Successful Airway Management Using Awake Videolaryngoscopy for a Rare Thyroid Cancer with Grade III Goitre and Intra-Tracheal Invasion

Affiliations
Case Reports

Successful Airway Management Using Awake Videolaryngoscopy for a Rare Thyroid Cancer with Grade III Goitre and Intra-Tracheal Invasion

Faisal Shamim et al. Turk J Anaesthesiol Reanim. 2020 Apr.

Abstract

In the present report, we described a case of anticipated difficult intubation in which the access to airway was limited due to external and internal factors. Our patient presented with a large goitre, shortness of breath and mild stridor.

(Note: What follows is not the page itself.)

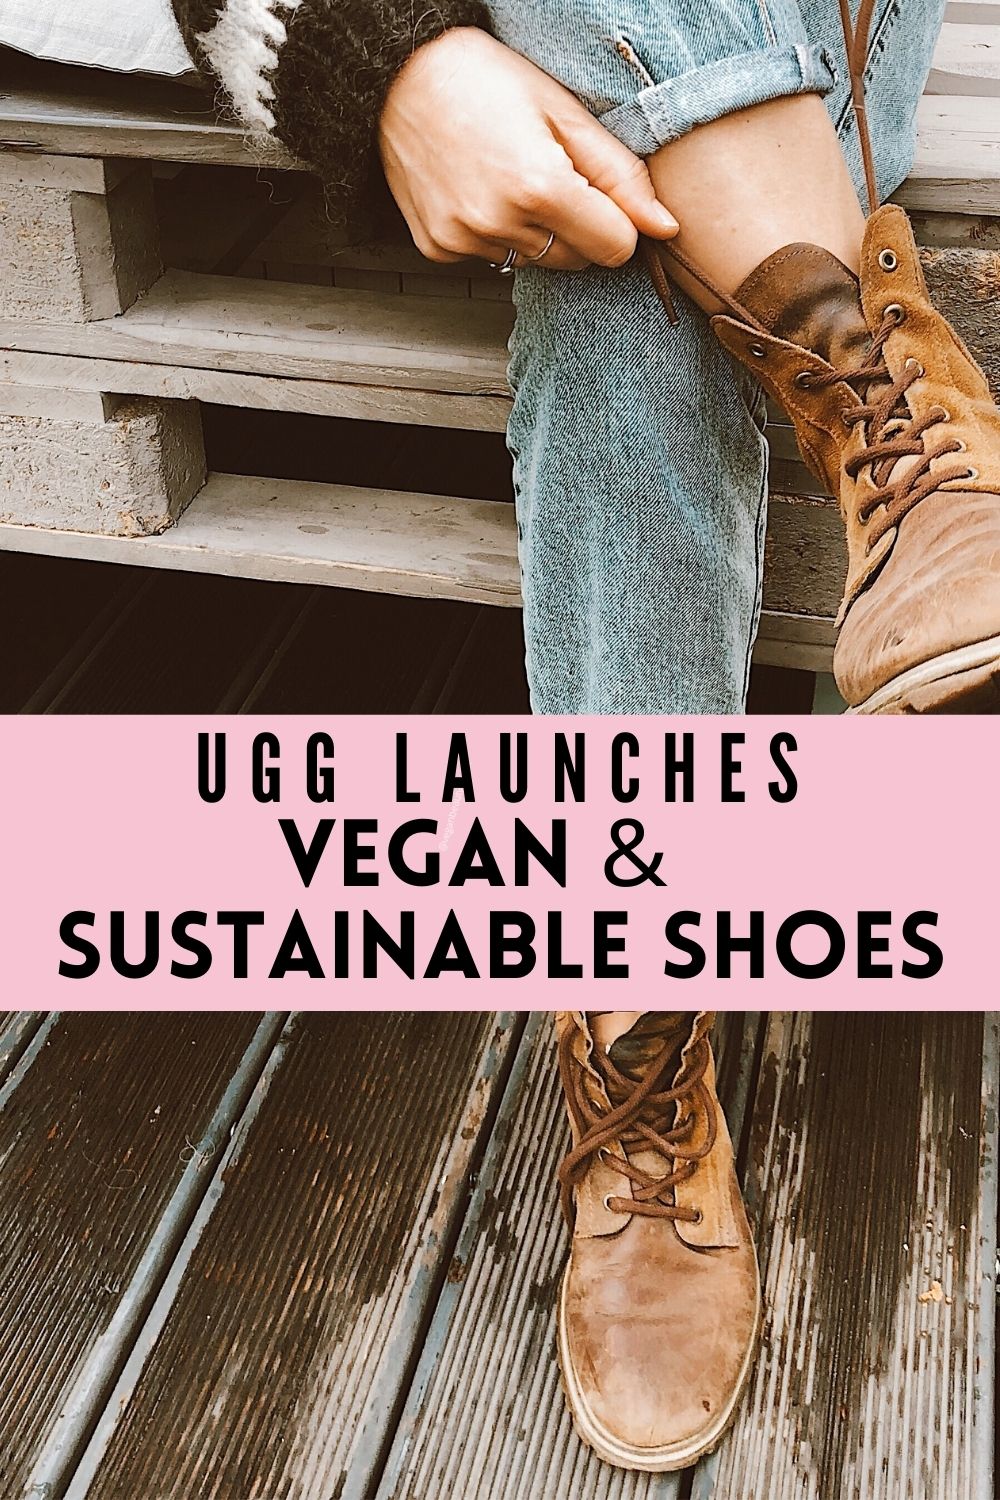 Ugg Launches Vegan and Sustainable Options

A clinical examination and investigations were performed. An intra-tracheal subglottic mass visible on a positron emission tomography scan was nearly occluding the lumen. The clinical diagnosis was thyroid cancer with intra-tracheal invasion. For patients with a large thyroid cancer, airway management can be complicated, using both regional invasion and intrathoracic extension, due to the effect of the mass on the airway and major vessels. This approach has a great potential for leading to complete airway obstruction after the induction of general anaesthesia. Here, we aimed to discuss the meticulous planning and preparation for the intubation of a conscious patient using different procedures of airway management, especially when the fibreoptic intubation failed and awake videolaryngoscopy salvaged the situation.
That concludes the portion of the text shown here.